Do social signals have an impact on rankings?

OK, there is a huge debate about this. Many people are convinced Google is not using social data as part of its algorithm. Indeed, many believe it’s impossible because Google can’t even access Facebook and Twitter (but if you do a site query in Google for the number of pages that were indexed, you’ll see that Google has more than 5 billion pages of facebook.com indexed – these are pages that are accessible and Google absolutely knows what’s going on these sites).

Please understand we do appreciate the arguments against social signals being a ranking factor– we’re not denying them. Our data simply shows that social signals do correlate with rankings. And of course we know that from Google’s perspective that this makes perfect sense ie good content is shared often and Google tries to rank good content. We can’t say from the data in this study whether there’s a causal relationship. So you can interpret it how you choose to.

If you don’t know which links pass value in the search indexes then your conclusions are highly dubious….

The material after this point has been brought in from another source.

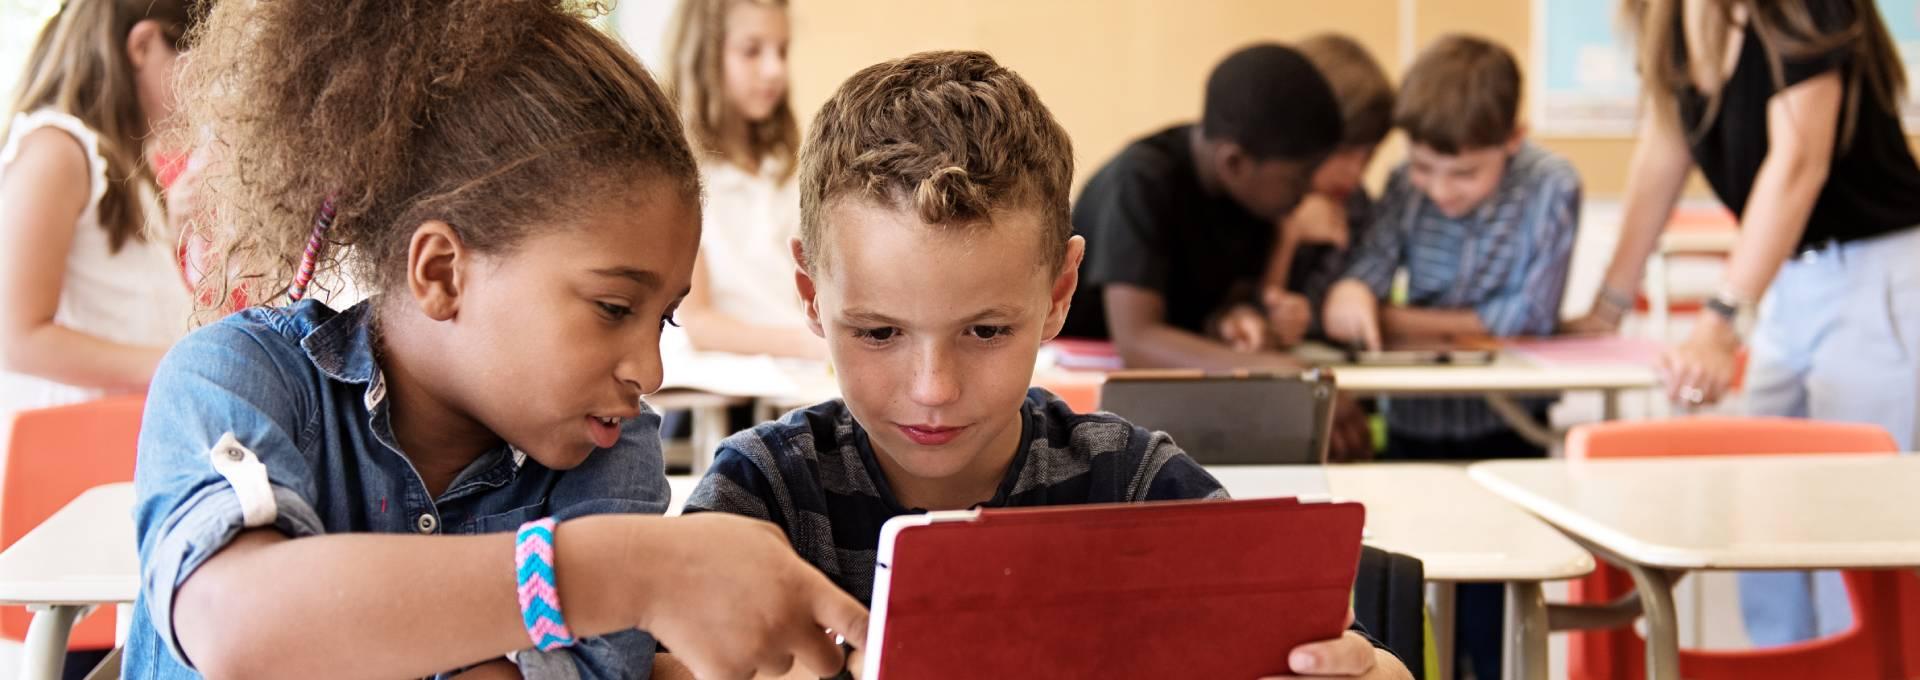 Kinder lernen selbständig zu arbeiten und zu interagieren dank der iPads in der Schule.

Nobody knows, which link passes value – except Google, who determine the value of links themselves. And as we said: We are not Google! Furthermore, the value of links is influenced by several factors (“value” of the link source, quality of the link etc), which we have also taken into account. And, moreover, it’s more than just link attributes that influence rankings. All we can do is to look at the features well ranking pages are featuring and interpret the data. And we are not guessing – since our interpretations are based on an extremely large data set.

Your data says exact match domains have decreased in importance, yet many EMDs rank very highly – so why is that?

We did not claim, that Google punished all the exact match domains. What we discovered was that EMDs seem to have lost their “ranking bonus”. If you’ve read our Ranking Factors 2012 edition, then you know that EMDs had some kind of bonus until the last year. And this era ended with Google’s Penguin and EMD updates.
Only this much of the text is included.